* _TASK STATEMENT_
Please write out each entry below exactly as given.

* _DATASET CONTENT_
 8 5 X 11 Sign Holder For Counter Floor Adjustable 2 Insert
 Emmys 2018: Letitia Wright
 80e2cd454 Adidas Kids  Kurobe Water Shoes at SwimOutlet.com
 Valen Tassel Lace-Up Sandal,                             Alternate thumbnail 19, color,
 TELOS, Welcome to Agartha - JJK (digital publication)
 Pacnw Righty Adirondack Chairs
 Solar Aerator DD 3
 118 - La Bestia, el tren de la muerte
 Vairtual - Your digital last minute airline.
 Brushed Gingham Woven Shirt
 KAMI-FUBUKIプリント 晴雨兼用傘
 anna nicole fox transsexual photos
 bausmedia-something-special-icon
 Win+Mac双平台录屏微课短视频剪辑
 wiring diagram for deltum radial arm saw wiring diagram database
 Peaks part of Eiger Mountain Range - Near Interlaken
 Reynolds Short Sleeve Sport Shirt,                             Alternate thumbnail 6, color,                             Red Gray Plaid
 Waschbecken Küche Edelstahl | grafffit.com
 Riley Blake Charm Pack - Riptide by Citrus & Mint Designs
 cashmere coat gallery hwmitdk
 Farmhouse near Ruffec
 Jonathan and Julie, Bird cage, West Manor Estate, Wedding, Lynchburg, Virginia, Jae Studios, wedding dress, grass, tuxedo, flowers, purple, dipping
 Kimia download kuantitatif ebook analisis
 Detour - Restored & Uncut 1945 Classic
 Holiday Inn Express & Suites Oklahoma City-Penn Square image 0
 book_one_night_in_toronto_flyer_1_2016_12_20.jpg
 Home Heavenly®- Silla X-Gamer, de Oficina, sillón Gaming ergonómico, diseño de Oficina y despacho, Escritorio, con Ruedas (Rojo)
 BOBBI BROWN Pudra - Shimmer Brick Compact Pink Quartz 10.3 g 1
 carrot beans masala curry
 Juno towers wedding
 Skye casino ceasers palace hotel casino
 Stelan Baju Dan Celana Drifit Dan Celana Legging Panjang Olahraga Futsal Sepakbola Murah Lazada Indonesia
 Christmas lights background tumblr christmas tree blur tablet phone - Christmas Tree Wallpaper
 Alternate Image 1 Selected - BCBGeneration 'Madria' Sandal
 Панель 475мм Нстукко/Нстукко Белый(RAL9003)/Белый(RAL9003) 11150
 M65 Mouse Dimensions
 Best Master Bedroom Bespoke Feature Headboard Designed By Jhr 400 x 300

* _WRITTEN RESPONSE_
 8 5 X 11 Sign Holder For Counter Floor Adjustable 2 Insert
 Emmys 2018: Letitia Wright
 80e2cd454 Adidas Kids  Kurobe Water Shoes at SwimOutlet.com
 Valen Tassel Lace-Up Sandal,                             Alternate thumbnail 19, color,
 TELOS, Welcome to Agartha - JJK (digital publication)
 Pacnw Righty Adirondack Chairs
 Solar Aerator DD 3
 118 - La Bestia, el tren de la muerte
 Vairtual - Your digital last minute airline.
 Brushed Gingham Woven Shirt
 KAMI-FUBUKIプリント 晴雨兼用傘
 anna nicole fox transsexual photos
 bausmedia-something-special-icon
 Win+Mac双平台录屏微课短视频剪辑
 wiring diagram for deltum radial arm saw wiring diagram database
 Peaks part of Eiger Mountain Range - Near Interlaken
 Reynolds Short Sleeve Sport Shirt,                             Alternate thumbnail 6, color,                             Red Gray Plaid
 Waschbecken Küche Edelstahl | grafffit.com
 Riley Blake Charm Pack - Riptide by Citrus & Mint Designs
 cashmere coat gallery hwmitdk
 Farmhouse near Ruffec
 Jonathan and Julie, Bird cage, West Manor Estate, Wedding, Lynchburg, Virginia, Jae Studios, wedding dress, grass, tuxedo, flowers, purple, dipping
 Kimia download kuantitatif ebook analisis
 Detour - Restored & Uncut 1945 Classic
 Holiday Inn Express & Suites Oklahoma City-Penn Square image 0
 book_one_night_in_toronto_flyer_1_2016_12_20.jpg
 Home Heavenly®- Silla X-Gamer, de Oficina, sillón Gaming ergonómico, diseño de Oficina y despacho, Escritorio, con Ruedas (Rojo)
 BOBBI BROWN Pudra - Shimmer Brick Compact Pink Quartz 10.3 g 1
 carrot beans masala curry
 Juno towers wedding
 Skye casino ceasers palace hotel casino
 Stelan Baju Dan Celana Drifit Dan Celana Legging Panjang Olahraga Futsal Sepakbola Murah Lazada Indonesia
 Christmas lights background tumblr christmas tree blur tablet phone - Christmas Tree Wallpaper
 Alternate Image 1 Selected - BCBGeneration 'Madria' Sandal
 Панель 475мм Нстукко/Нстукко Белый(RAL9003)/Белый(RAL9003) 11150
 M65 Mouse Dimensions
 Best Master Bedroom Bespoke Feature Headboard Designed By Jhr 400 x 300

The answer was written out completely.